Just got away from new 2015 Bandit 2250R. RUN! They have it back now. Complete junk. Got 2013 2250XP to replace. Not any better, 52 hrs and hydro leak. Next thing i expect is my wheel to fly off and take out someones property. Love Bandit chippers but i will NEVER drop coin on another stumper! Carlton seems to be strong can anyone recommend a durable stumper?


----------



## treecutterjr (Feb 16, 2015)

Where is the hydraulic leaking from?


----------



## dwils73 (Feb 16, 2015)

treecutterjr said:


> Where is the hydraulic leaking from?


bottom of pump....looks like between pump and mounting plate.


----------



## dwils73 (Feb 16, 2015)

how many hrs on yours before it let go?


----------



## treecutterjr (Feb 16, 2015)

197hrs On mine. yours?


----------



## dwils73 (Feb 16, 2015)

treecutterjr said:


> 197hrs On mine. yours?


58 now they want me to upgrade to 2550xp. NOT! I hope they make it right with you. Who is your bandit rep?


----------



## treecutterjr (Feb 16, 2015)

SW ohio. Kyle Brinkman.


----------



## treecutterjr (Feb 16, 2015)

I've had mine since about this time last year. It has been doing well up until this incident. I don't want to throw bandit straight under the bus right away.


----------



## treecutterjr (Feb 16, 2015)

I know there are other people with this grinder on here. I'd like to know about their feelings/ experience


----------



## dodge diesel (Feb 16, 2015)

dwils73 said:


> Just got away from new 2015 Bandit 2250R. RUN! They have it back now. Complete junk. Got 2013 2250XP to replace. Not any better, 52 hrs and hydro leak. Next thing i expect is my wheel to fly off and take out someones property. Love Bandit chippers but i will NEVER drop coin on another stumper! Carlton seems to be strong can anyone recommend a durable stumper?

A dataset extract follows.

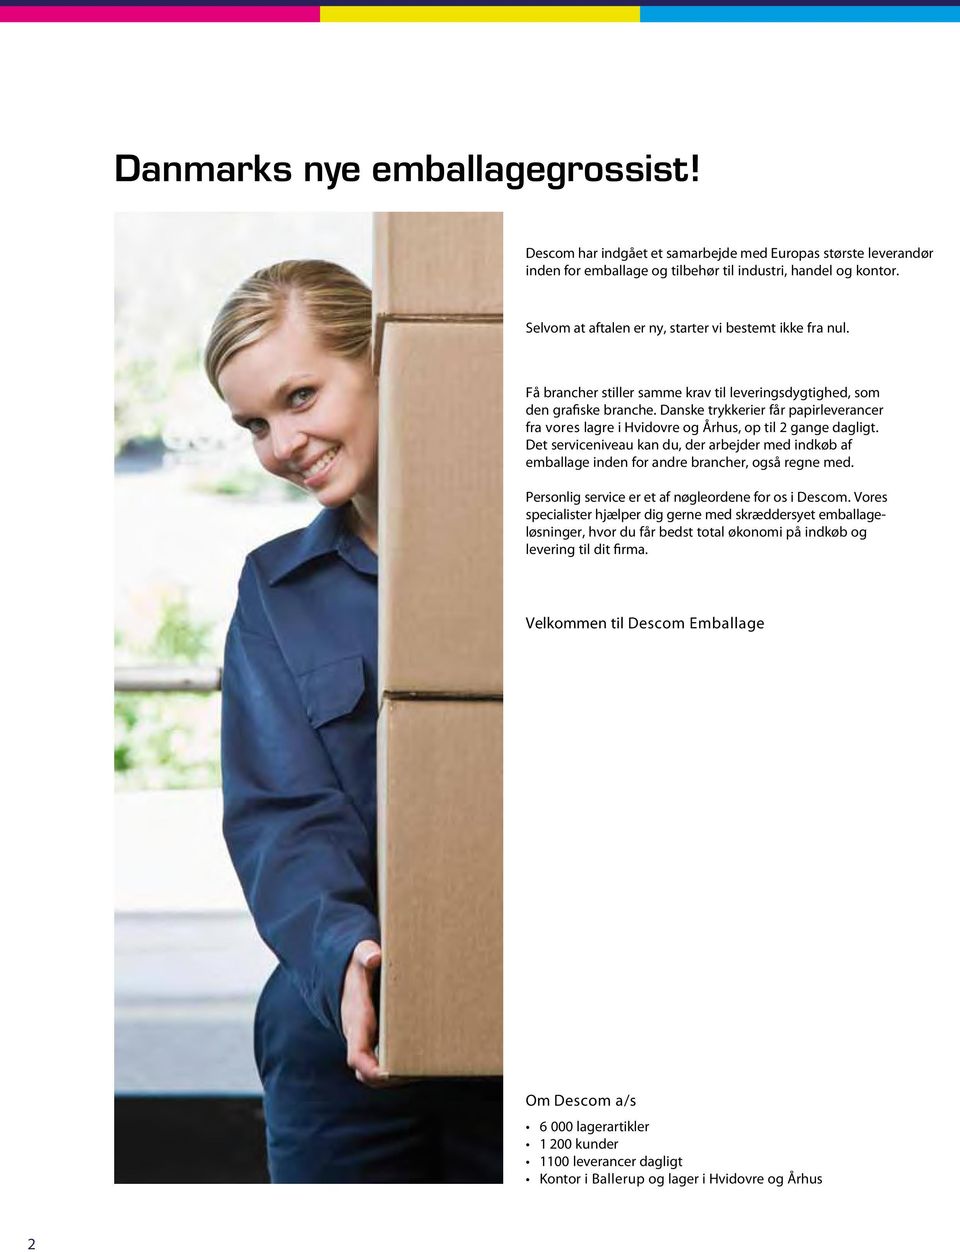 Danske trykkerier får papirleverancer fra vores lagre i Hvidovre og Århus, op til gange dagligt.

 What was wrong with the 2015 / 2250R ?


----------



## gorman (Feb 16, 2015)

I'm not bad mouthing bandit because I love my 200 chipper but I mentioned to my buddy about upgrading to a larger grinder and said the same thing. 
The co he worked for had nothing but problems with their new bandit grinder. Said the axel snapped twice in a row. 

He said "you should look into a carlton, solid machine".


----------



## BigUglySquirrel (Feb 16, 2015)

Not impressed with the Bandit grinder. Bearing issues, hydraulic leaks at the control block, broken hydraulic cylinder....and warranty appears to be pretty much useless. Machine is less than a year old, purchased brand new. Really hurt my opinion of bandit.


----------



## dwils73 (Feb 16, 2015)

treecutterjr said:


> SW ohio. Kyle Brinkman.





dodge diesel said:


> What was wrong with the 2015 / 2250R ?


25hp kohler, blown head gaskets at 0.3 hrs coming off truck, sent back new gaskets.....same thing at 3.2hrs. 1 of the first five produced but they should be better since its a bandit! My 254xp chipper is an absolute beast! I would not own another chipper, however stumper is another animal. Let down and feel like i got taken to the cleaners.


----------



## dwils73 (Feb 16, 2015)

gorman said:


> I'm not bad mouthing bandit because I love my 200 chipper but I mentioned to my buddy about upgrading to a larger grinder and said the same thing.
> The co he worked for had nothing but problems with their new bandit grinder. Said the axel snapped twice in a row.
> 
> He said "you should look into a carlton, solid machine".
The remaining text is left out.